Теперь же, после своей несчастной глупой истории (я знал, что три месяца он сидел под арестом, перед тем служил на Кавказе в N-ском полку, а после ареста был сослан в Тунку), он имел тот помятый, расслабленный (будто вожжи, стягивающие черты лица, вдруг отпустили), огорченный вид, характерный для всех разжалованных. Мы разговорились, его арестантская шинель меня несколько смущала, я словно чувствовал себя виноватым за свою невольную свободу и его метафорические оковы. Так получилось, что две недели моего вынужденного пребывания в Тунке я почти каждый вечер виделся с Бурцевым - у него давно не случалось собеседника, и, как многие русские, в несчастье он приобрел естественность и занимательность; мы почти подружились, и он поведал мне свою историю.

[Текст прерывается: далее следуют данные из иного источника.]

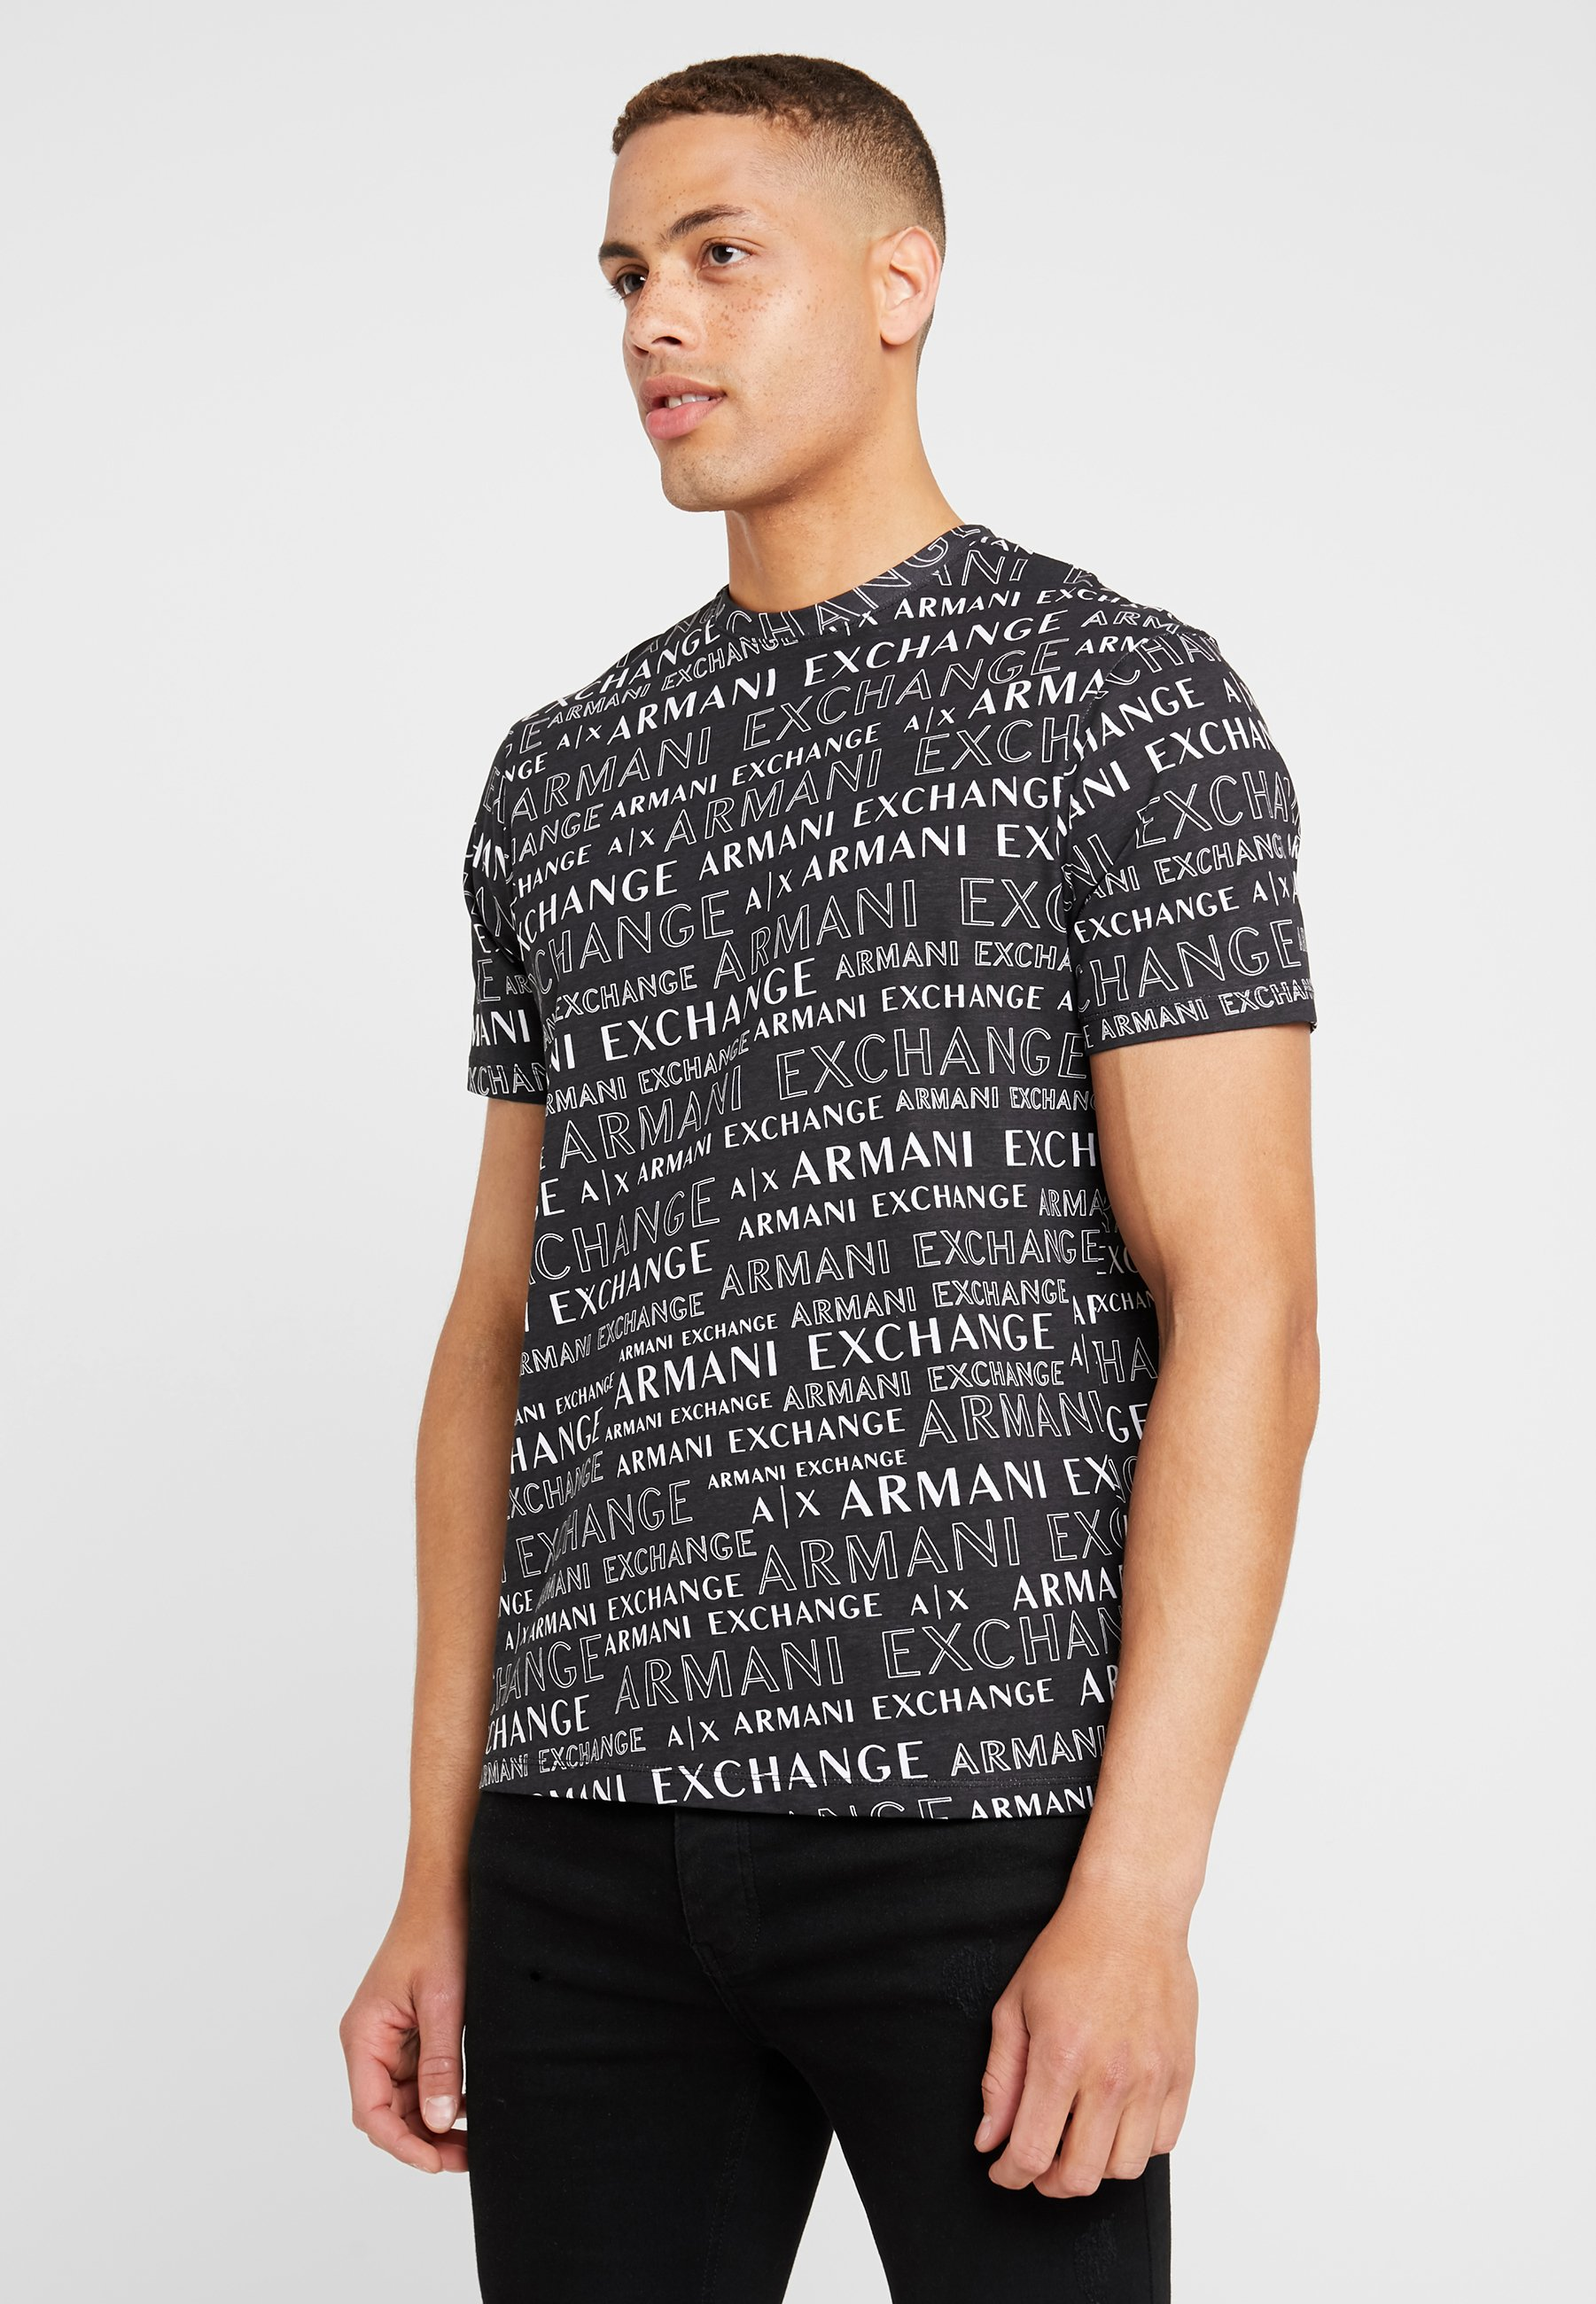 Armani Exchange Exchange T shirt T Exchange Armani ImpriméBlack ImpriméBlack Armani shirt IgYb6v7mfy

Его дед со стороны матери, Михаил Васильевич Шугаев, женился на его бабке в 27 лет; то был среднего роста красавец, статный собой, как заводской жеребец хороших кровей, и действительно происходил из хорошей старинной дворянской фамилии. супруга же его, Елизавета Алексеевна, урожденная Столыпина, была богата, но значительно старше своего супруга (лет на восемь) и не особенно красива, высокого, гренадерского роста, сурова, несколько неуклюжа, а после рождения единственной своей дочери, то есть матери Бурцева, заболела женской болезнью, вследствие чего ее муж сошелся с соседкой по имению, госпожой Мансыревой, и полюбил ее самозабвенно, так как та была жива, миниатюрна, изящна. резкая брюнетка, с черными как уголь глазками, которые точно искрились, она жила в своем имении, селе Онучине, в десяти верстах от Воейково, Сызрано-Вяземской жел. дороги, и в таком же расстоянии от Чембар, имения Столыпиных. Муж ее долгое время находился в действующей армии за границей, вплоть до известного по истории маскарада 2 января 1810 года, во время которого Михаил Васильевич устроил для своей дочери Машеньки елку. С самого утра он посылал к Мансыревой людей с неоднократными приглашениями, но они возвращались без всякого ответа, посланный же им надежный человек и поверенный в сердечных делах, первый камердинер Максимка, возвратившись из Онучина, сообщил барину на ухо, что к Мансыревой приехал из службы ее муж и что в доме уже огни потушены и все легли спать. Мансыреву ему видеть не пришлось, а вследствие этого выходило - на елку и маскарад ее ждать нечего.